В итальянских рядах несколько человек упало, но прочие продолжали бесстрастно стоять с ружьями к ноге, не открывая огонь ни по пруссакам, ни по австрийцам.

То ли это получилось случайно, то ли они были предупреждены об этом нейтралитете, но пруссаки сосредоточили главный свой удар именно на это левое крыло, которое, оставаясь без сопротивления, позволило врагу вывести из строя соединение графа Монте-Нуово.

Штирийские егеря совершали чудеса. Они потеряли тридцать человек, а у противника убили более трехсот. Затем, в соответствии с данным им приказом, они подошли к началу ашаффенбургского моста.

Оттуда Карл и Бенедикт услышали ожесточенную перестрелку на краю города.

Это было правое крыло пруссаков, обошедших левое крыло принца Александра и атаковавших предместья города.

— Послушайте, — сказал Карл Бенедикту, — сражение проиграно. Рок преследует Австрийский дом. Я дам убить себя, ибо выполняю свой долг, но вы ведь ничем не связаны с нашей участью, вы воюете как охотник, вы, наконец, француз, и было бы просто безумием с вашей стороны дать себя убить за дело, которое к вам не имеет никакого отношения и даже не отвечает вашим взглядам. Сражайтесь до последней минуты, а потом, когда вам станет ясно, что любое сопротивление бесполезно, возвращайтесь во Франкфурт, бегите к Елене, скажите ей, что я мертв, если вы увидите меня мертвым, либо, если смерть отринет меня, отступаю с остатками армии на Дармштадт или Вюрцбург. Буду жив — напишу ей. А умру — так с мыслью о ней. Вот завещание моего сердца. Доверяю его вам.

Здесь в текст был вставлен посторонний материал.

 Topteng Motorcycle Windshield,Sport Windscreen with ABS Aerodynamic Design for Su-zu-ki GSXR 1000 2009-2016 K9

Бенедикт пожал Карлу руку.

— Теперь, — продолжал Карл, — мне кажется, что долг солдата в том, чтобы до последнего дыхания стараться служить как можно лучше. У нас осталось сто семьдесят человек. Я возьму из них половину и постараюсь поддержать с ними защитников города; берите другую половину людей и оставайтесь у моста. Сделайте здесь все, что будет в ваших силах. Я тоже сделаю псе, что окажется в моих силах там, где буду. Вы слышите канонаду и ружейную пальбу — это приближаются пруссаки, а значит, нам нельзя терять ни минуты. Обнимемся.

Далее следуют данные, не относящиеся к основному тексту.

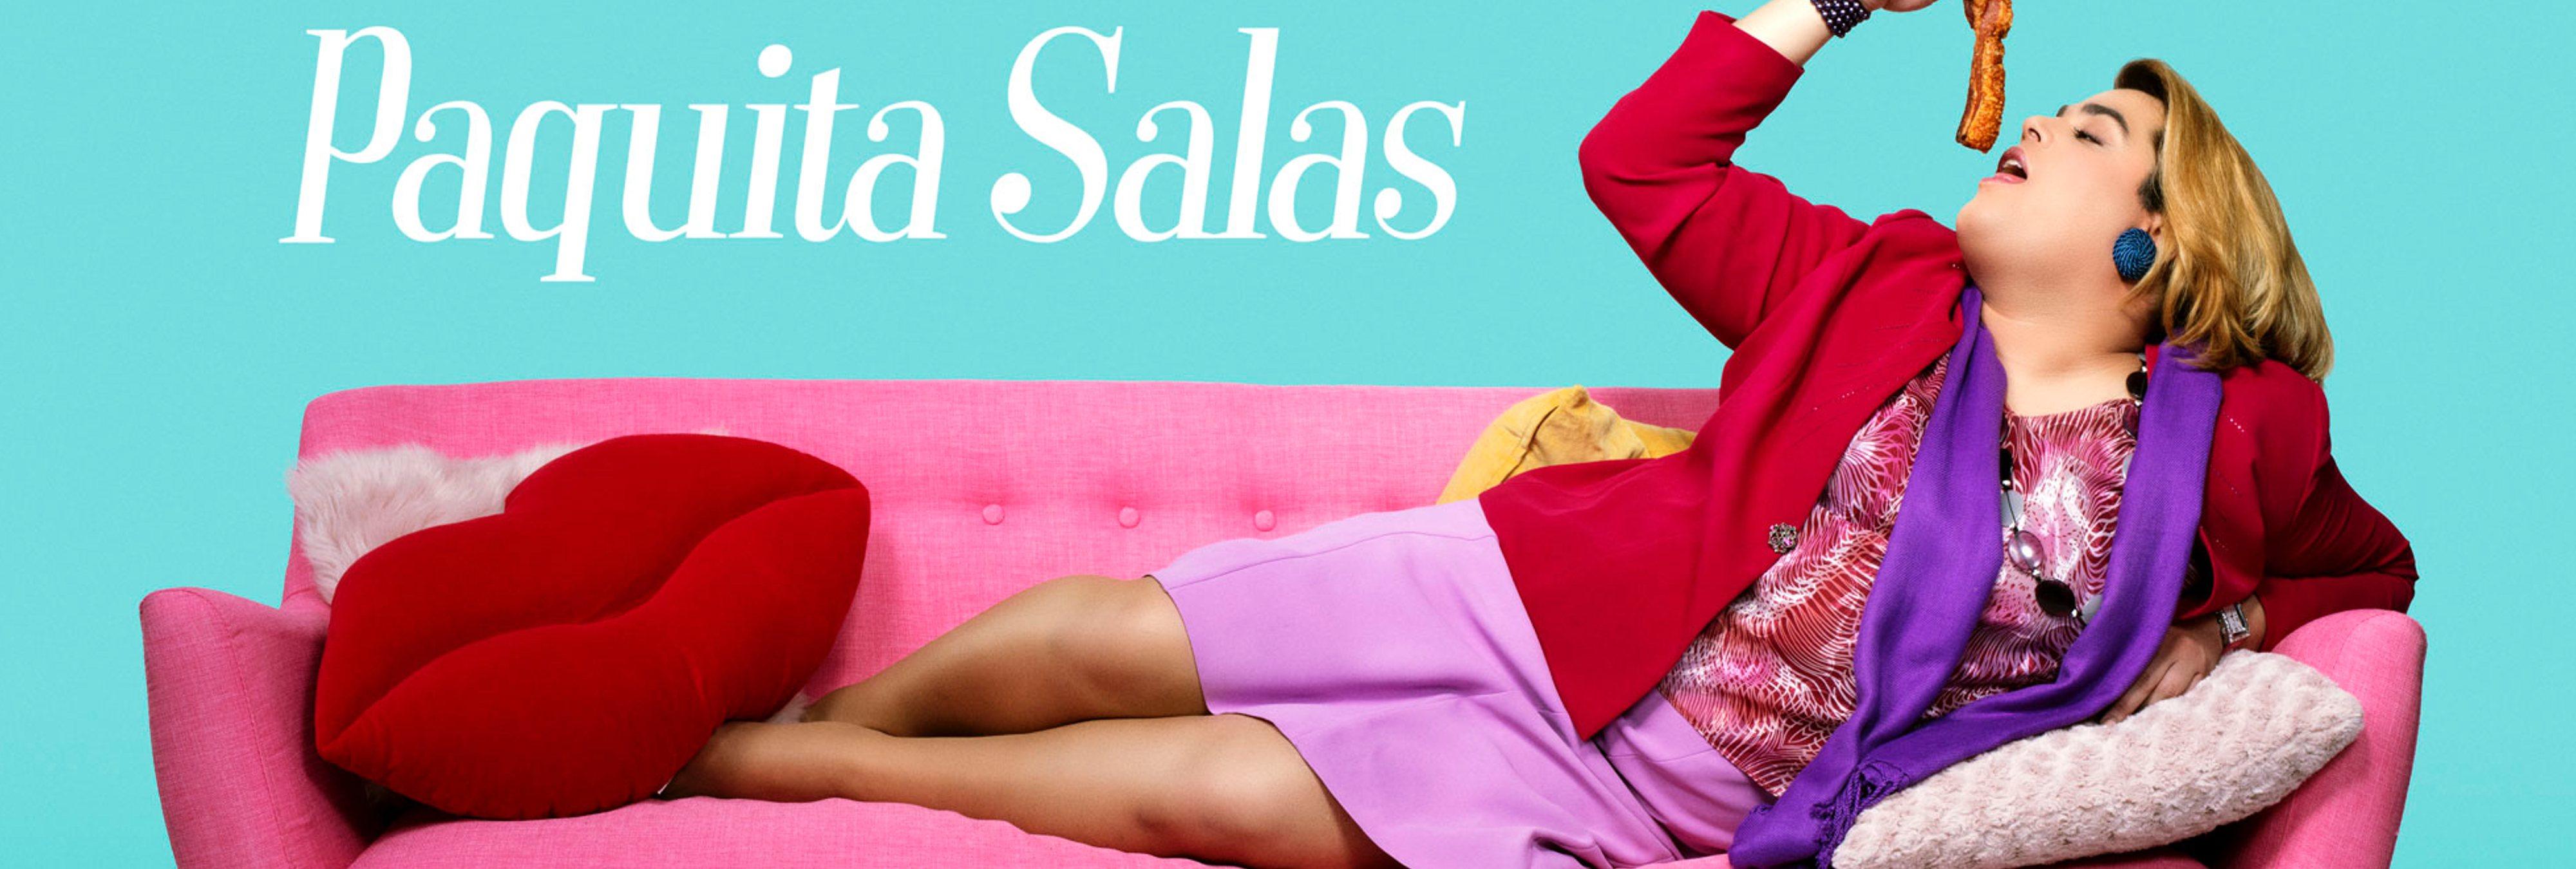 9 grandes frases de Paquita Salas

Два молодых человека бросились друг другу в объятия. Затем Карл ринулся на улицы города и скоро исчез в дыму, который вот-вот должен был подступить и к мосту.

Бенедикт добрался до небольшого поросшего кустарником холма, откуда он мог бы прикрыть проход по мосту.

Едва лишь он там утвердился, как увидел быстро приближавшееся облако пыли. Это мчалась баденская кавалерия: ее преследовали прусские кирасиры.

Первые беглецы прошли мост беспрепятственно, но очень скоро мост так заполнился людьми и лошадьми, что проход оказался забитым и последним рядам пришлось все же, хоть и против воли, обернуться и встретить лицом к лицу тех, кто их преследовал.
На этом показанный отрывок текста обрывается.